Poul Anderson devotes six pages to what Trevelyan learns about the slain race from their architecture, art, pictorial record and decayed technology. They had not used automobiles, had avoided pollution and had clearly thought ahead about such problems. It pays to reread these pages carefully. Trevelyan and the readers want to know what it had been like to be those people but the whole point of the story is that this entire race is not discovered until it is extinct so its legacy must be preserved:
"We guard the great Pact, which is the heart of civilization, of society, and ultimately of life itself: the unspoken Pact between the living, the dead, and the unborn, that to the best of our poor mortal abilities they shall all be kept one in the oneness of time.

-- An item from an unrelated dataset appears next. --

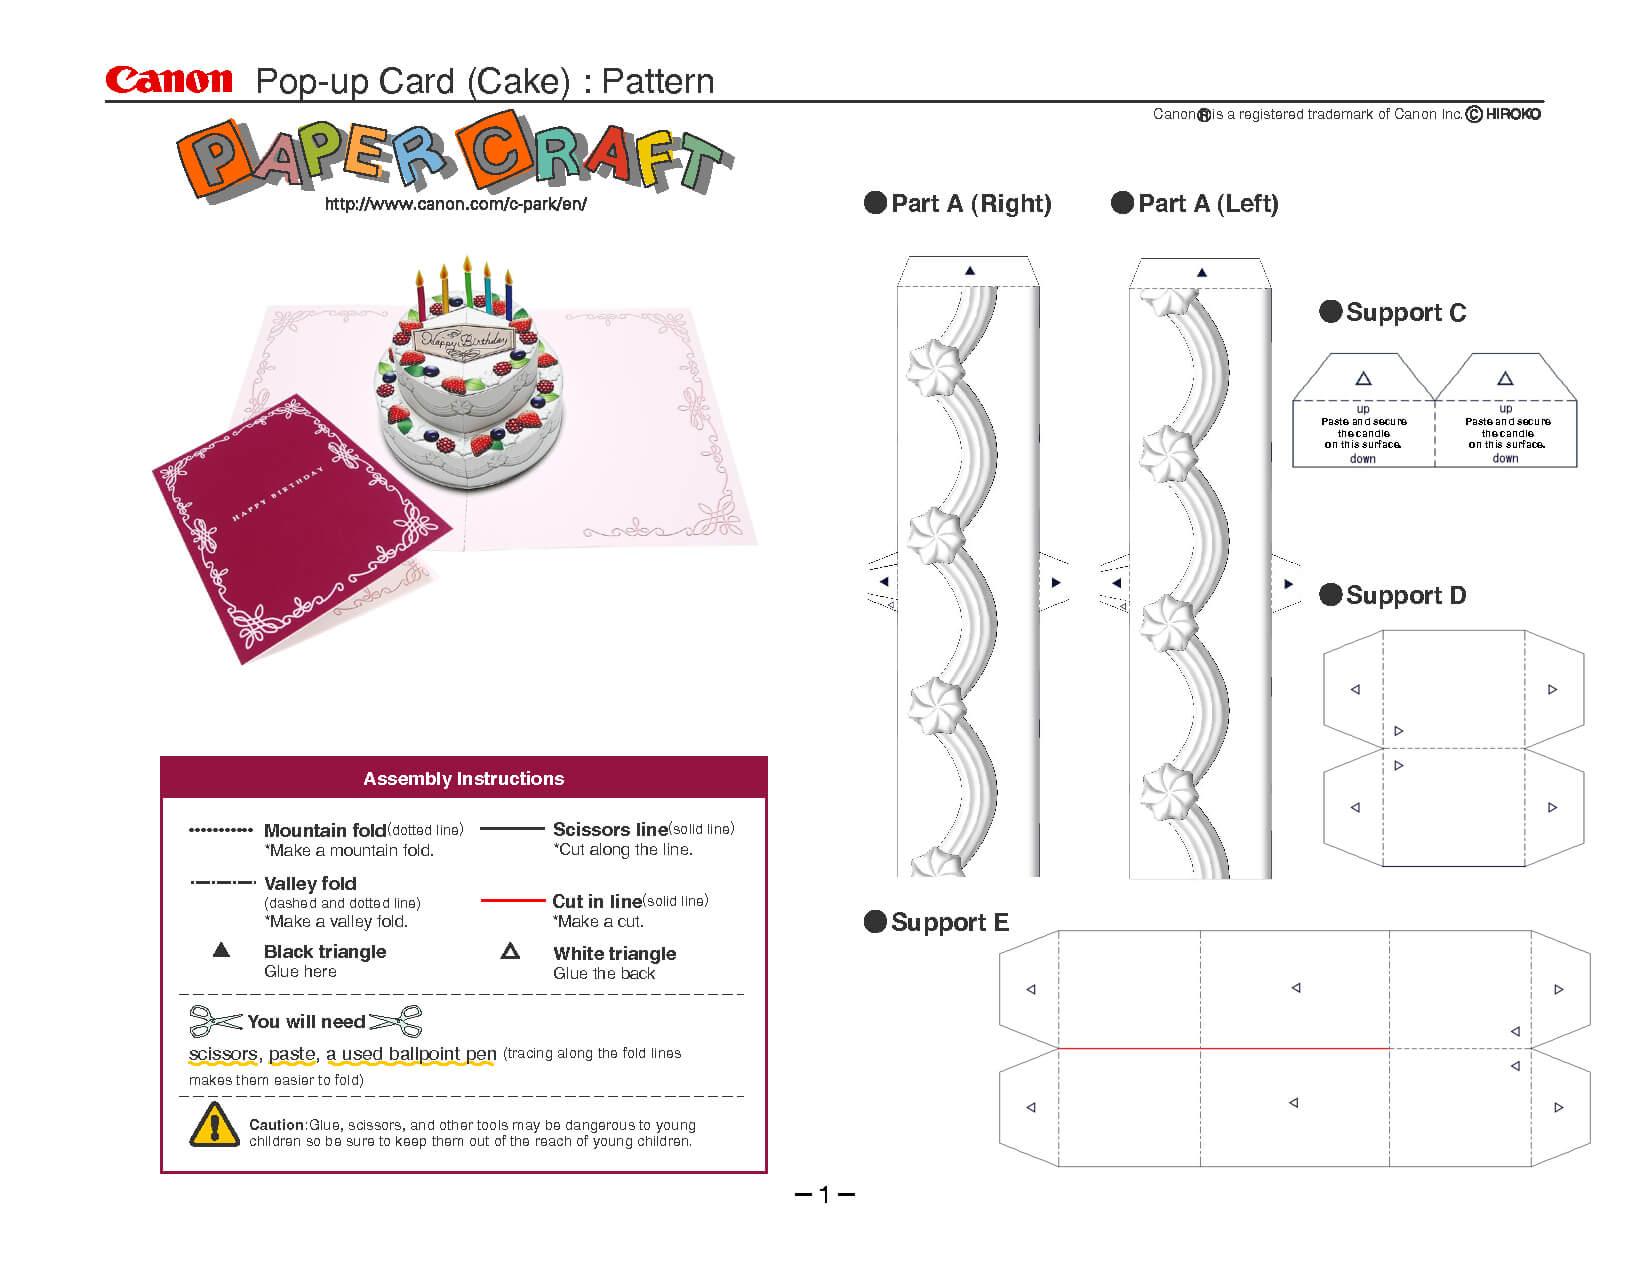 Birthday Cake Pop Up Card Template | Pop Up Card Templates Pertaining To Printable Pop Up Card Templates Free

Without it, nothing would have meaning and it may be that nothing would survive. But the young generations so often do not understand." (p. 251)

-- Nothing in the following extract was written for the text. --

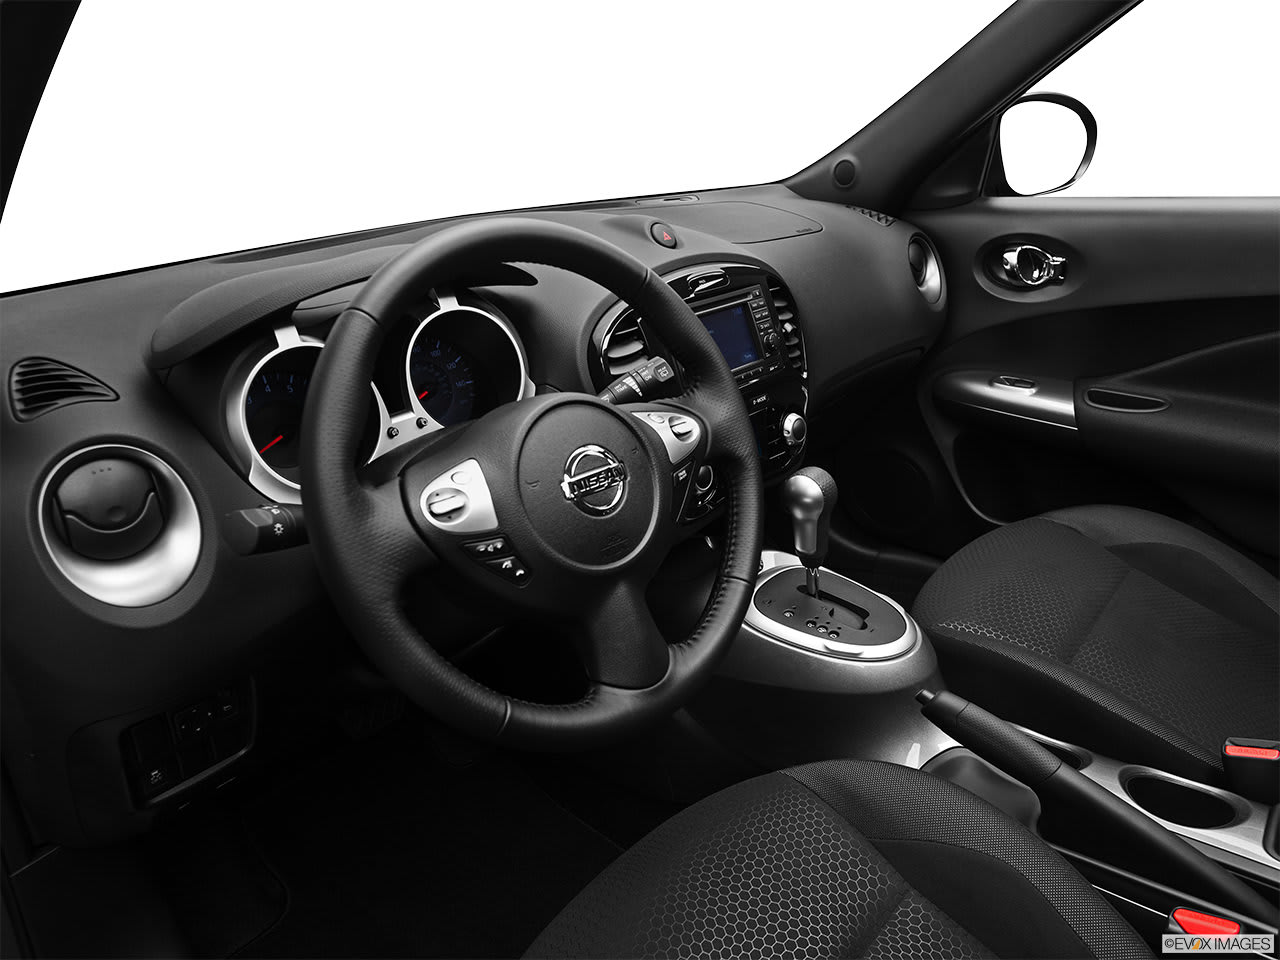 Nissan Juke 2012 Interior

In another Andersonian universe, Time Patrollers have an even closer experience of the oneness of time.
Sheila is at choir and I am about to go to Zen. Next week, Monday to Friday, we will be in a hotel in Wales and I will be without my laptop.
1 comment:
Kaor, Paul!
I still have sympathy for the aspirations/hopes of Murdoch Juan. After discovering Good Luck he should have tried obtaining a patent from the Stellar Union allowing him to settle parts of the planet as and when they became available after scholarly study.